Das ist das ganze Städtchen.

Aber draussen,
wo aus einem blauen, tiefen Himmel Lerchen singen,
blinkt der See und wogen Kornfelder.

Mir ist Alles wie ein Traum.

Soll ich bleiben? Soll ich weiterziehn?

Der Brunnen rauscht . . . die Linden duften.

Arno Holz

Photo © e.a.brokans

Photo © e.a.brokans

Einsichten.

Der einen oder dem anderen ist es bestimmt schon aufgefallen. Auf meinen Photos fehlen die Menschen. Ein Alltagsklunkerbeitrag von Stephanie Jaeckel, die sich auch mit dieser Thematik beschäftigte, ließ mich darüber nachdenken.

Vorab eine kleine Erläuterung: Mir geht hier nicht um das Urheberrecht, ich rede hier von Porträtaufnahmen, bei denen die abgebildete Person deutlich erkennbar ist. Sobald dies der Fall ist und an eine Veröffentlichung gedacht wird, muss eine Einverständniserklärung – möglichst in schriftlicher Form – vorliegen. Ansonsten kann es Ärger mit dem „Recht am eigenen Bild“ geben. Natürlich gibt es da auch, wie bei jedem Gesetz, Ausnahmen und Fallstricke. Auf diese möchte ich aber nicht eingehen, ich bin kein Fachmann. Das Netz ist diesbezüglich voll von fundierten Hinweisen. In anderen Ländern ist man übrigens bei weitem nicht so rigoros beim „Recht am eigenen Bild“.

Mir geht es allerdings nicht so sehr um die rechtliche Situation, sondern mehr die Ethik. Ich selbst bin ziemlich kamerascheu, darum verfahren ich nach dem alten Spruch:

„Was man mir nicht antun soll, will ich auch nicht anderen Menschen zufügen“.

(Konfuzius oder so…)

Darum verzichte ich darauf fremde Menschen ohne ihre ausdrückliche Erlaubnis abzulichten und die Photos in irgendeiner Form zu veröffentlichen. Ich möchte ja auch nicht, dass Photos mit meinem Konterfei in irgendwelchen sozialen Netzwerken kursieren (reine Hypothese – an mir gibt es nix interessantes).
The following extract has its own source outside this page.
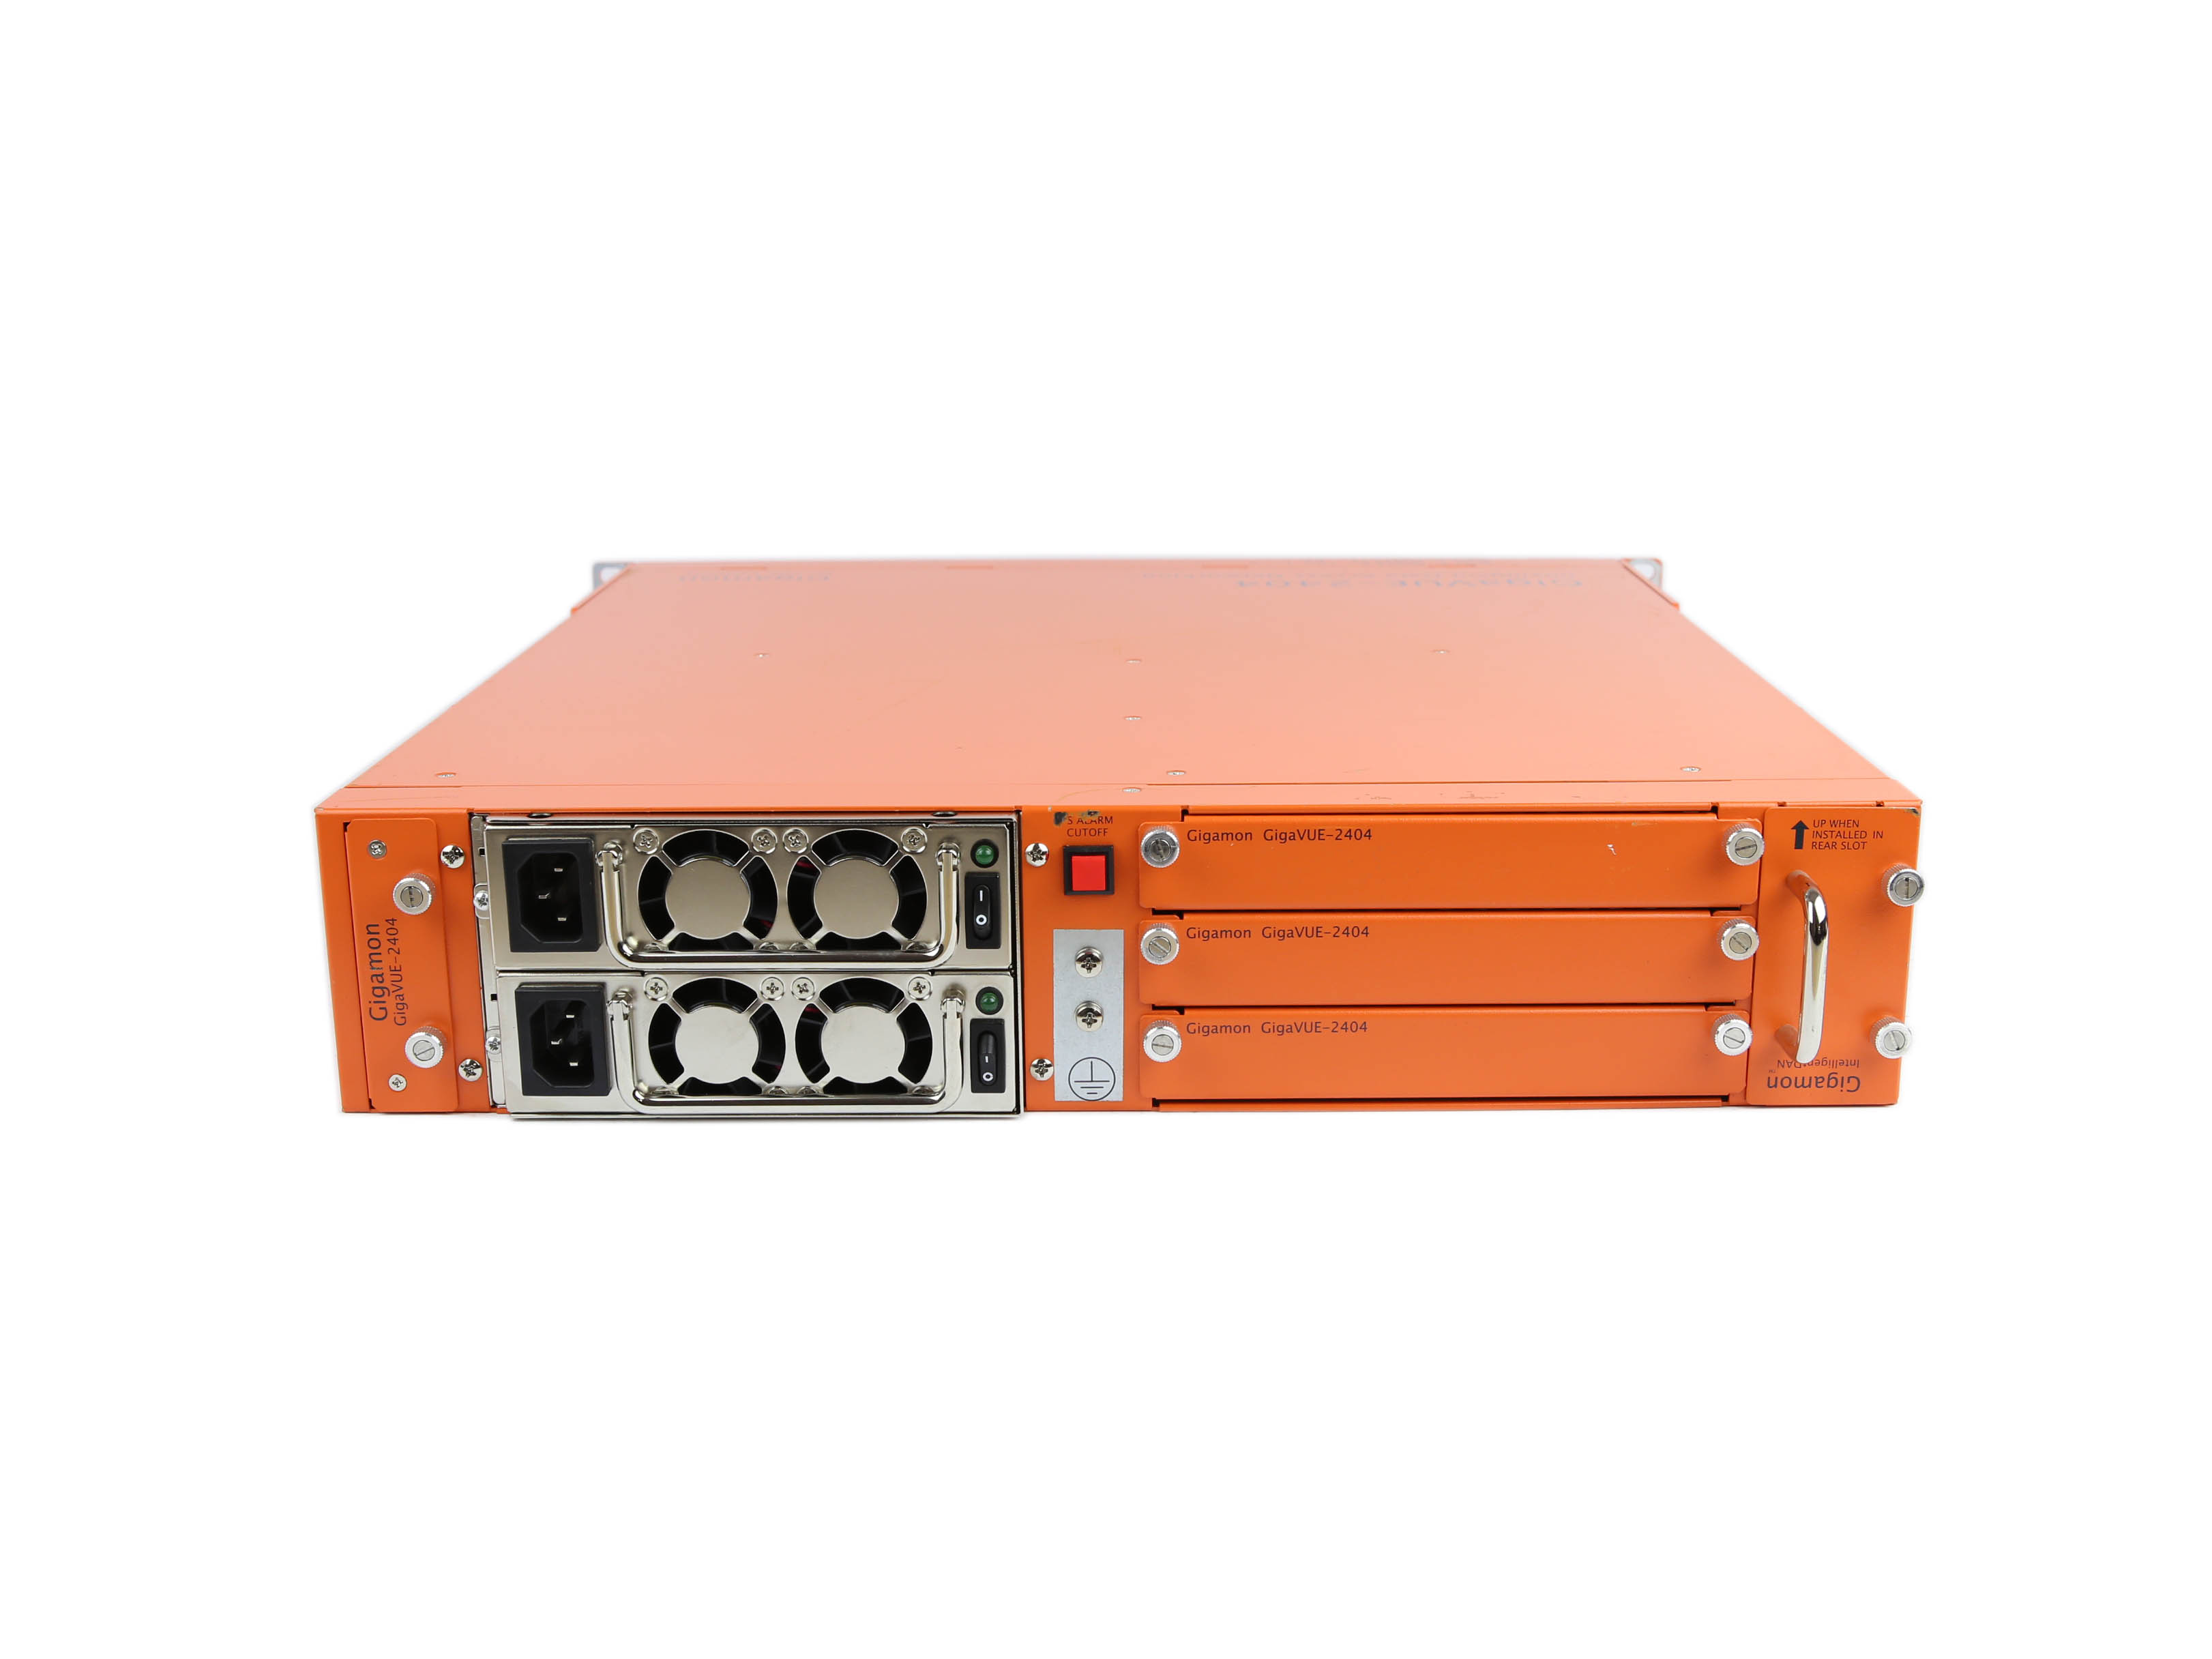 Firewall GIGAVUE-2404 GIGAVUE-2404MB 2X 10GIGATAP-4SR 2X MRW-6400P-R R Gigamon GigaVUE-2404 Intelligent Data Access Networking 4Ports SFP 1000Mbits 8Ports SFP+ 10Gbits And 2x 8 LC Splitter Ports Tap 4 Full Duplex 1Gbit Fibers 2x PSU 400W Managed Rails (5)

Ich mag auch diese sogenannte „street photographie“ nicht besonders. Manchmal schrammt sie doch hart am Voyeurismus entlang. Die oft hochgelobten Aufnahmen der sagenhaften, manischen Bildersammlerin Vivian Maier sprechen hier Bände; ebenso die technisch und photoästhetisch sicherlich hervorragenden Aufnahmen von betrunkenen und kotzenden Feiernden aus Großbritannien, welche kurz nach Silvester im Netz kursierten.

Andererseits sehe ich natürlich schon die Notwendigkeit gewisser Photos, um die Welt aufzurütteln; soweit das bei der vorherrschenden Abgestumpftheit und Sensationsgier überhaupt noch möglich ist. Es ist halt – wie so oft – ein Spagat. Und entscheiden muss jeder für sich.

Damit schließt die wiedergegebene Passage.